Gemini Live, a voice conversation AI that competes with ChatGPT Voice Mode, has been unveiled by Google. It provides multimodal capabilities and improved interaction.
Google is introducing Gemini Live, a voice conversation feature for its AI assistant Gemini, to compete with OpenAI’s new Advanced Voice Mode for ChatGPT. Gemini Live, introduced at the 2024 Made by Google event, is accessible to users of its advanced bundle.
OpenAI vs. Google: Gemini Live to Compete ChatGPT Voice Mode
The company has recently announced the launch of Gemini Live in a thread on X, intending to compete with OpenAI‘s recently released Advanced Voice Mode for ChatGPT.
The feature was introduced the 2024 event and is now accessible to Gemini Advanced users. The objective of the feature is to enhance the fluidity and flexibility of the interaction with AI, enabling users to interrupt, transition to another subject, or continue the conversation at any point, similar to a telephone conversation.

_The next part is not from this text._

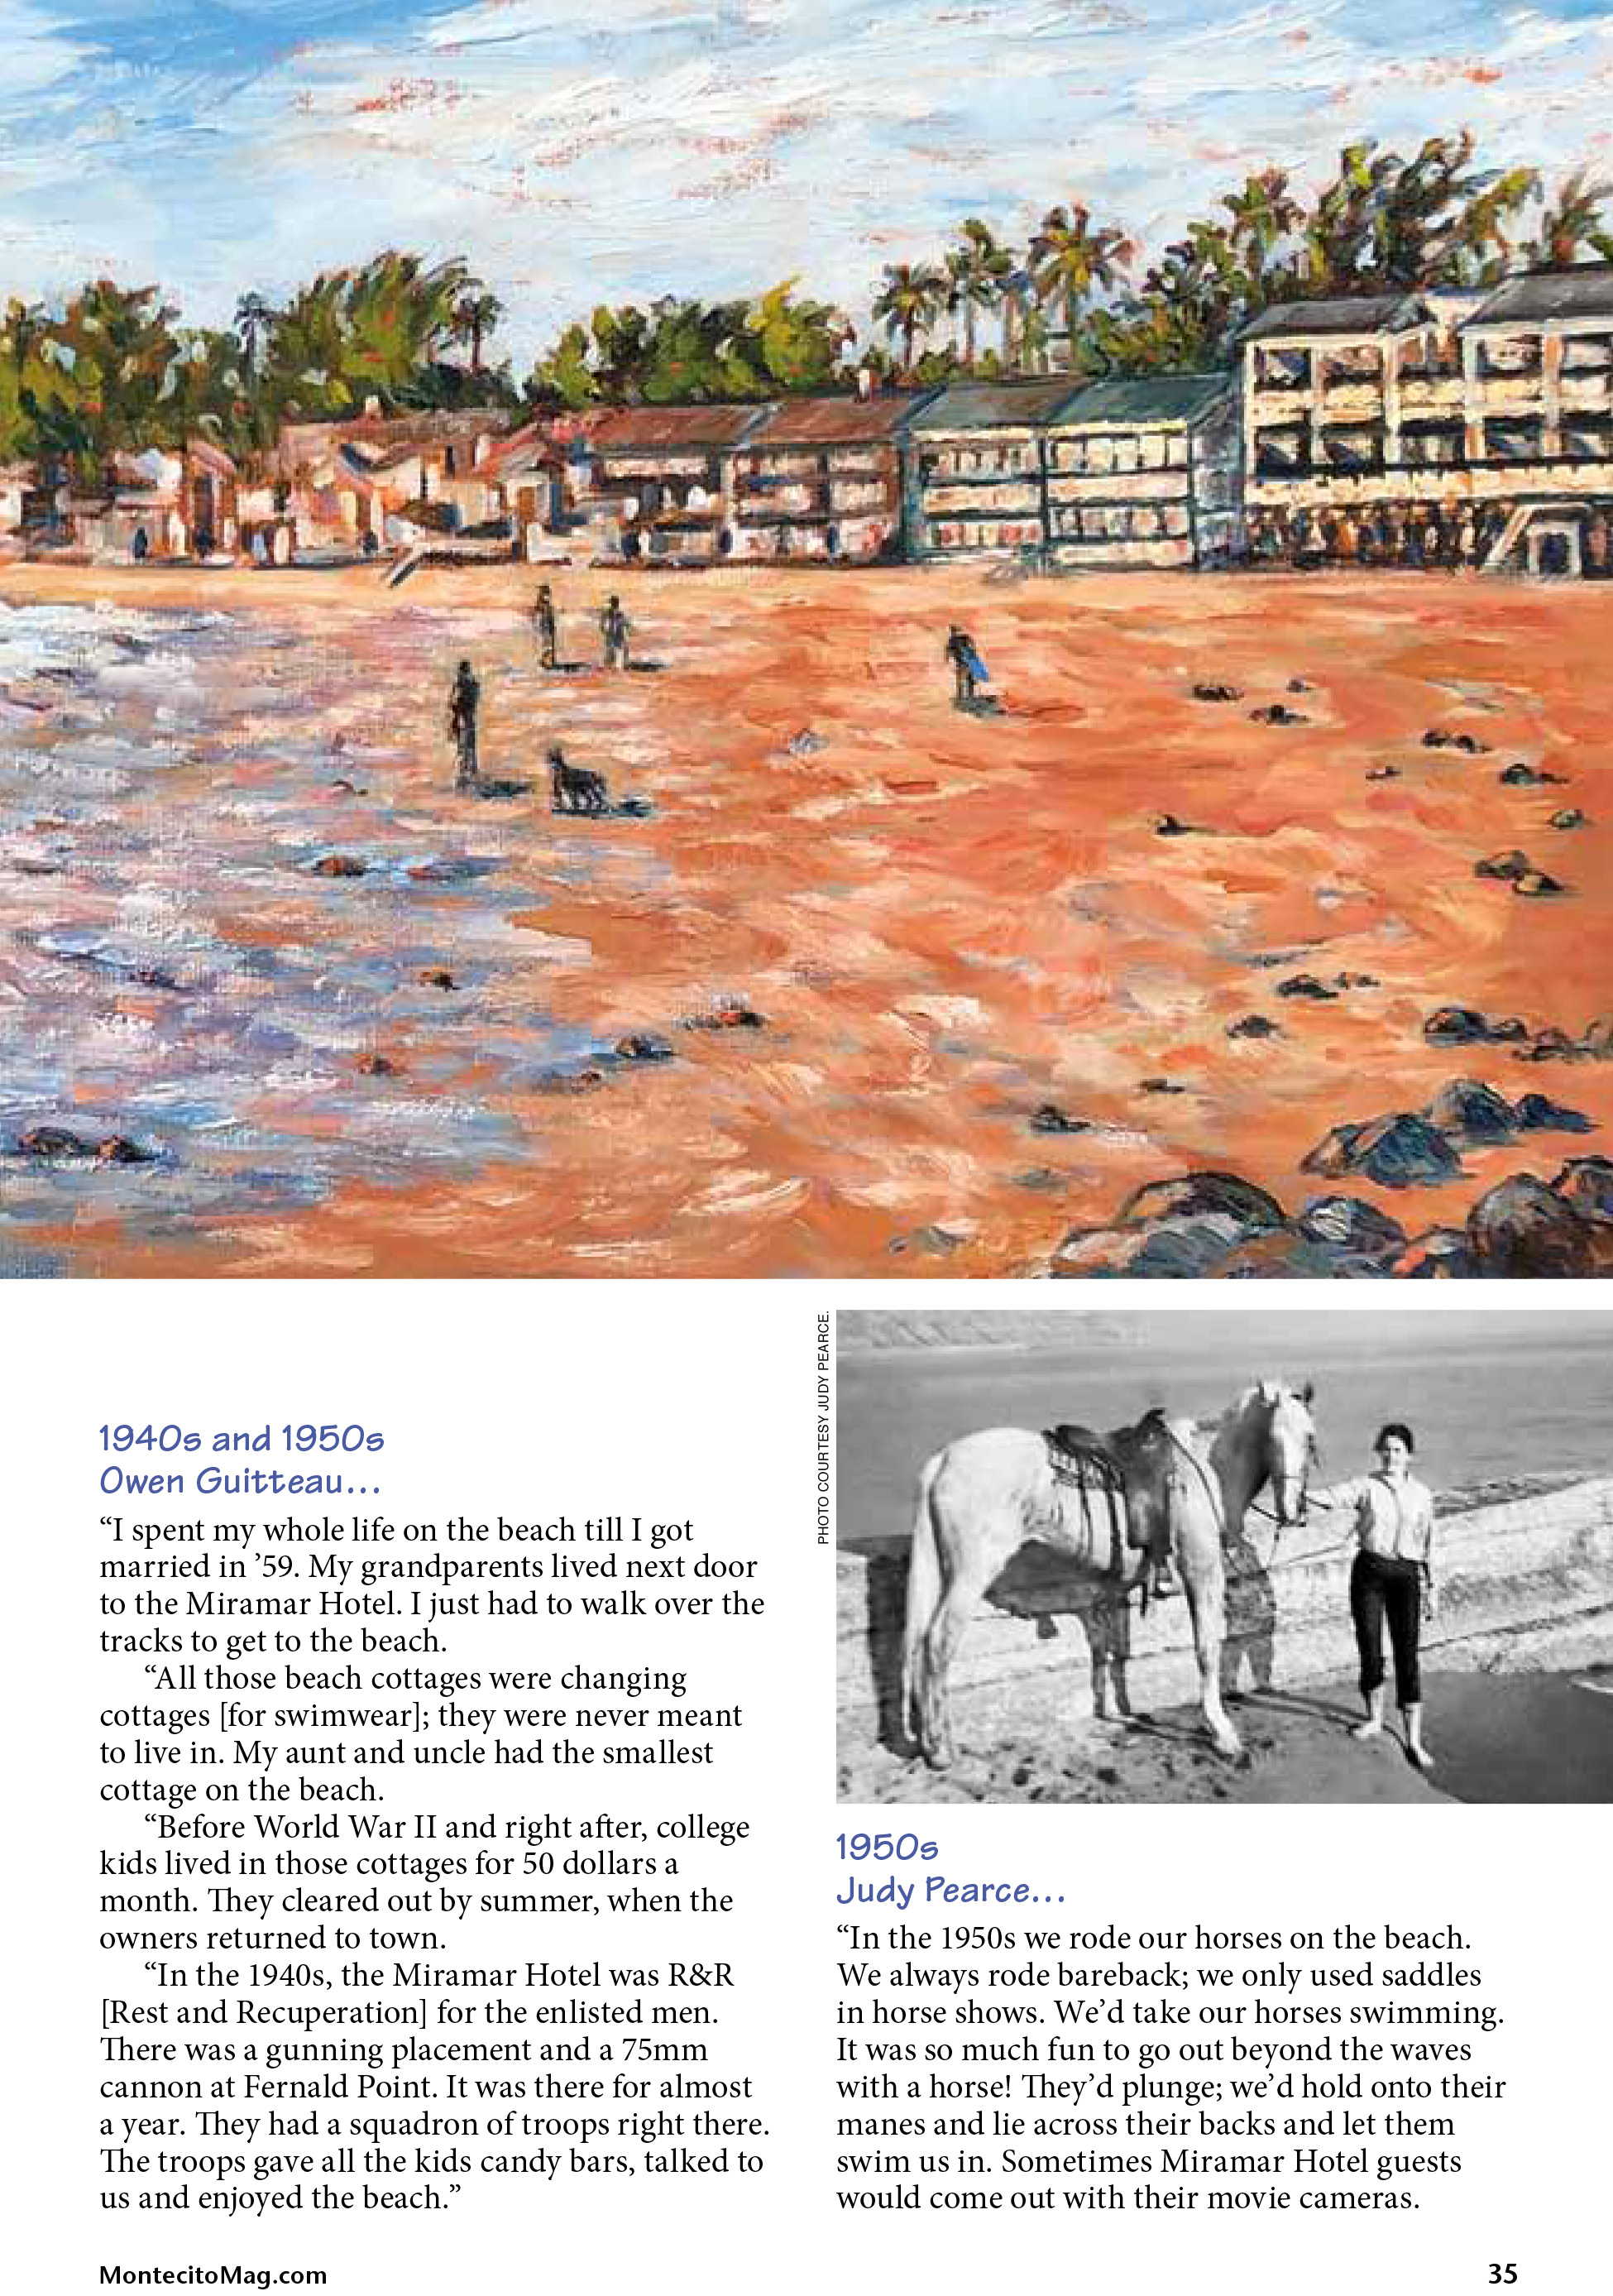 MM--iramar-Beach-Memories-4.jpg

In multiple turns, the new speech engine generates coherent, emotionally intoning, and natural conversational flow, which Google claims is a distinctive feature. The AI can replicate the user’s speech in real-time, and the ten voices sound authentic. This hands-free mode can be activated in the background or even when the phone is locked, allowing the user to engage in other activities without disrupting the conversation.
Action to Improve AI Interaction
As a result, the Gemini 1.5 Pro and Gemini 1.5 Flash AI assistant models enable the conduct of lengthy and intricate conversations by employing a broader context window than the generative AI models. This allows Gemini Live to engage in more extensive conversations and store information more efficiently.
In addition to voice commands, the organization has verified that Gemini Live will incorporate multimodal input, initially demonstrated at Google I/O 2024, by the year’s conclusion. These capabilities will enable the AI to comprehend and respond to visual stimuli, such as images and videos, thereby increasing its adaptability. Currently, the update is exclusively available for Android devices and in English. However, additional languages and iOS devices are anticipated to be supported shortly.
The company also introduces supplementary features and integrations with its services as it implements the feature. New extensions for Google applications, including Calendar, Keep, Tasks, and YouTube Music, will be added to Gemini in the upcoming weeks. These enhancements will enable users to more effectively manage their schedules, set reminders, and create playlists by utilizing voice commands.
Moreover, shortly, Android users will be able to enable Gemini on top of any app using the power button or voice commands. This feature will enable users to interact with Gemini in other applications, pose questions, or generate content as simple as an image that can be easily integrated into the user’s work.
OpenAI Faces Obstacles in its Advanced Voice Mode
Despite being a novel concept, the Advanced Voice Mode for ChatGPT in the OpenAI Vs. Google’s battle has encountered some challenges during its limited alpha testing. The mode, which aims to provide a more natural discourse, has been criticized for causing users to become dependent on the AI due to the realistic voice interactions.
As a result, OpenAI recently released a safety concern that highlighted the potential for forming social relationships between users and AI, which could negatively affect interpersonal relationships.
Furthermore, the organization has been researching to enhance the software engineering capabilities of its AI models. To address these challenges, the organization has recently implemented a human-evaluated subset of the SWE-bench benchmark that more accurately assesses the ability of AI models to address real-world software issues. This action ensures that AI advancements are safe and practical in practical applications.